I was already sweating, but I didn't even realize that we were moving into a TON of work. I think this solo boxing training was much better for me. It kept my heartrate up the whole time. I sweated so much as he walked in front of me (him walking backwards, me following). I knew immediately he was trying to work my footwork without me noticing...something I certainly need help with. I had previously learned #1 - jab, #2 - right cross, #3 - left hook. This time I learned #4 - right hook/body shot (he called it "smack my @ss shot...though he kindly whispered it to me so Logan wouldn't hear *lol*), #5 and #6 which are left and right uppercuts, respectively.
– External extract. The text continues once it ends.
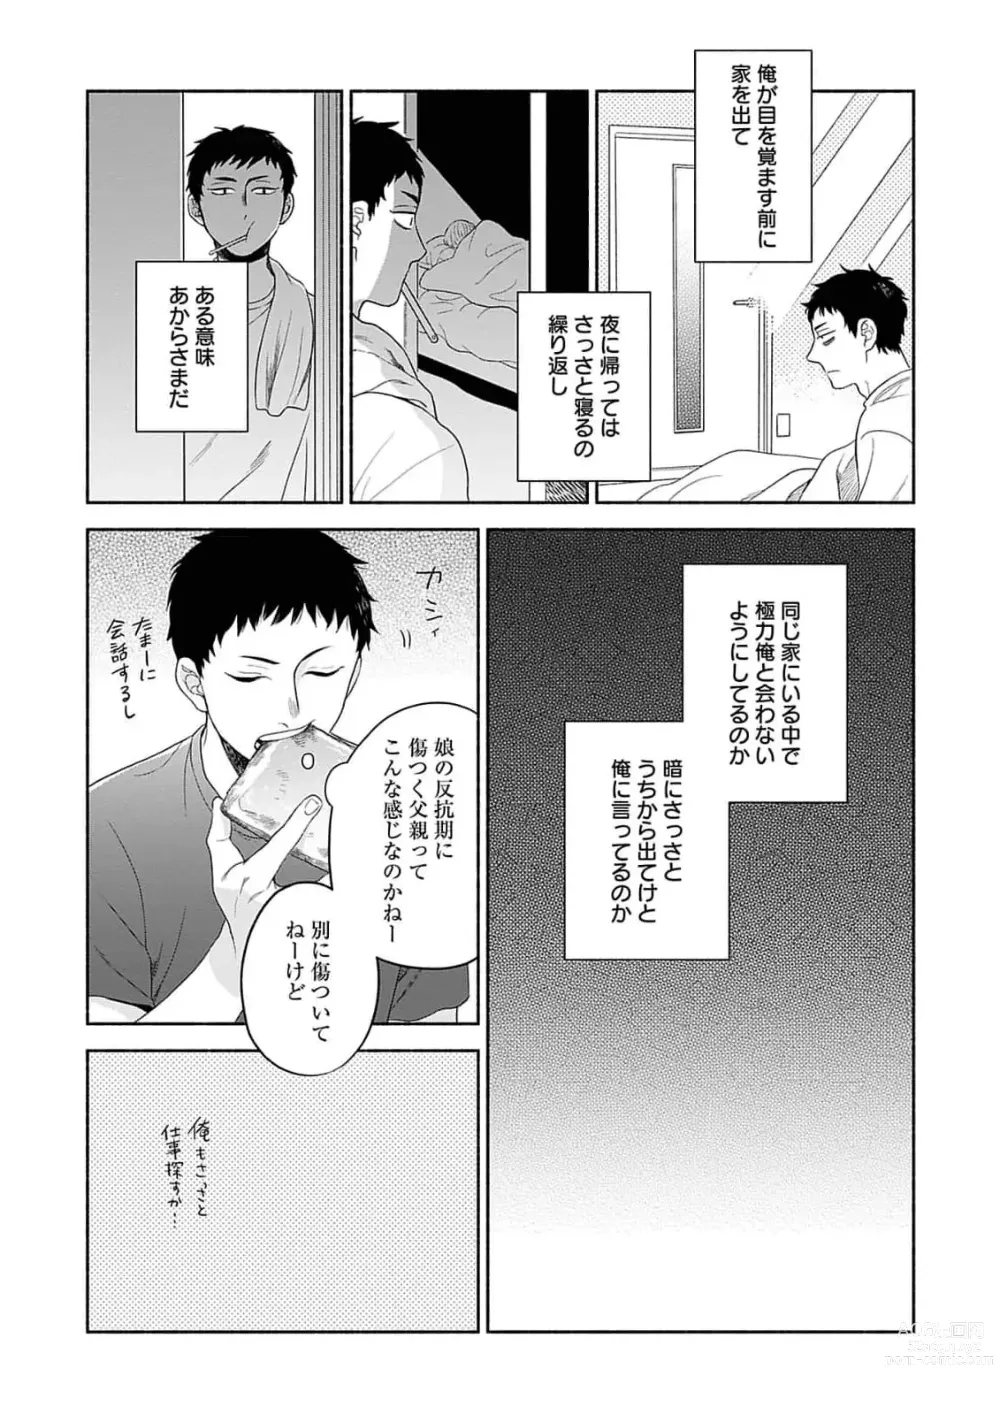 Page 18 of manga Yoru no Kyoudai

I have no idea what happened in that last pic. *lol* I promise CT did not punch me out, although he does bop me on the head when I think too much and get a combination wrong. (This is something we've talked about, my overthinking getting in the way. I'm counting it as part of his promise of self-awareness.)
I noticed my punches were faster, harder. The footwork started to come more naturally as I followed him around the mat in crazy combinations. He'd tell me "Okay, we're going to do 2-3-2-3-4." We'd do it slow once and then each time we'd repeat it he'd shout, "Quicker!" It was something I lamented last time - that the guy with me was SO quick and I was so slow. CT told me I was doing it right. He said quickness would come. I didn't think it'd happen that quickly though. Before I knew it I was throwing 1-6 punches all over...my absolute favorites are hook shots to the body and face because I love how powerful they sound. Something else I noticed was that as I got faster and hit harder, and brought my punches to the middle like CT showed me, I was engaging my hips more. I could feel my abs and hips getting involved and it made me that much stronger. It goes to prove what I tell everyone about boxing -- it involves your entire body, not just your arms. If you're body isn't involved you aren't supporting yourself right and won't get the right effect from the effort you put in. CT told me that involving my hips like this was good not only for boxers, but for people like me who really wanted a good workout. :)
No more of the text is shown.